The tasks of caring and reproduction of daily life are a fundamental knot of many inequalities. For instance, mostly women are on the front lines of health care in the face of covid-19 disease (nurses, doctors, social workers, psychologists, cleaning staff in hospitals, and a long etcetera). According to statistics from the World Health Organization (WHO), 70 percent of the world’s social health staff are female. However, the agency points out, half of the contribution of women to global health, which is equivalent to three trillion dollars a year, is unpaid.[3]

On the other hand, due to virtual classes and the lockdown of schools, domestic and childcare duties were multiplied and they now take full time. These tasks, which have historically been invisible and devalued, in the context of confinement are a priority and they are being absorbed almost exclusively by families and, within them, by women.

Finally, it is necessary to think about the full bodily autonomy of women and LBTIQ+ people, a pending matter that we have as a society. In this context of health emergency, the barriers to access to sexual and reproductive health are exacerbated. These rights already guaranteed by the different legal systems are being questioned or even violated. This produces considerable risks and violence on women, young people, children and LBTIQ + people.

Even though access to contraceptive methods cannot be interrupted, and legal interruptions of pregnancy has very fixed terms, since these rights are understood by the WHO as an essential service, real access to them is seriously compromised. On the one hand, a large part of the health system has been reassigned to work on covid-19 services. On the other hand, the issue is difficult to tackle because it continues being a taboo. “More than 47 million people with childbearing capacity, in 114 low- and middle-income countries, could lose their access to contraceptives, which could lead to seven million unintended pregnancies in the coming months worldwide if isolation lasts 6 months”[4], a report by the United Nations Population Fund (UNFPA for its acronym in English) warns.

Perhaps this challenging context is a good time to reflect.

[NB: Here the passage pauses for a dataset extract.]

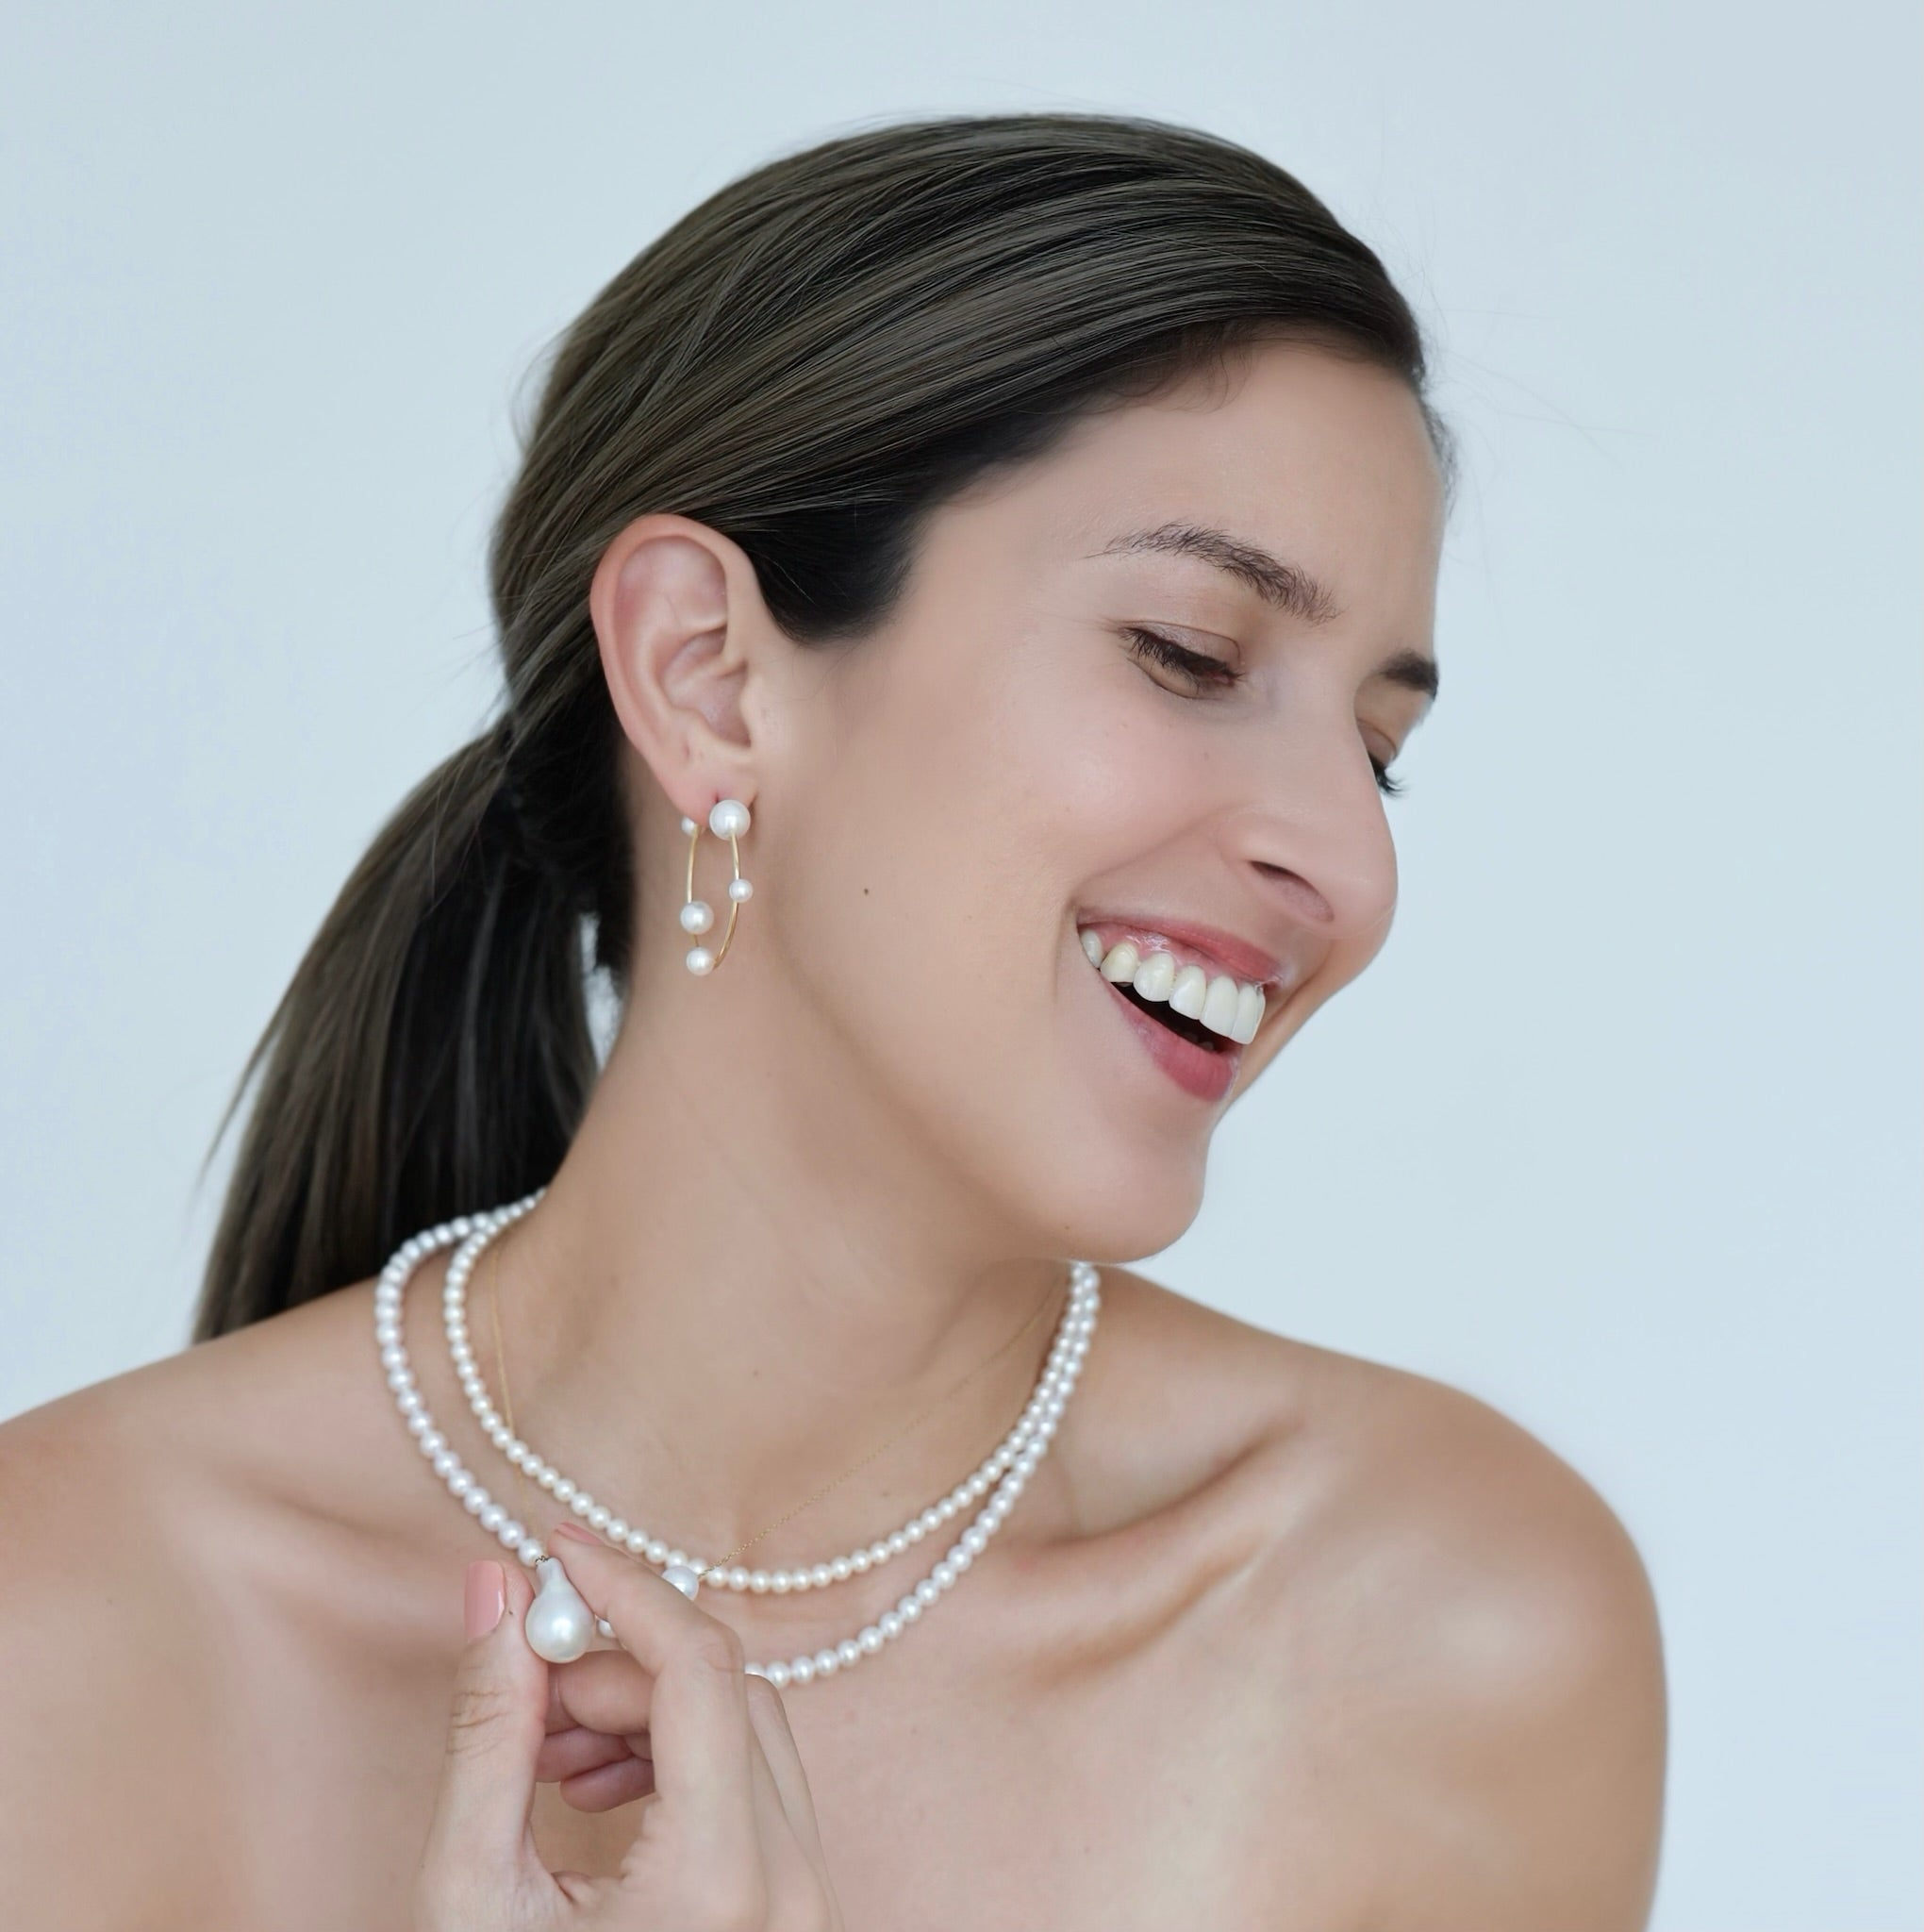 Woman wearing Akoya Hoop Earrings on ear paired with Akoya Baby Pearl Classic Necklace with a Baroque Pearl Charm hooked onto the necklace

The feminist movement, represented by the green and purple tide, has given our society important tools to look at reality, make inequalities visible and expose the relations of power and domination around gender. This may make you uncomfortable, or create resistance to question privileges. But we are in unprecedented circumstances to bring to light the obvious inequalities and work on the redistribution of domestic and care tasks, the construction of new masculinities, the deconstruction of gender stereotypes, the deepening of comprehensive sexual education and the shaping of more equitable relationships, dismantling what hurts us today to put something new back together, something fairer for everyone.

* Coordinator of the Violence-Free Networks and Alliances – REDAL and Vivas Nos Queremos programmes.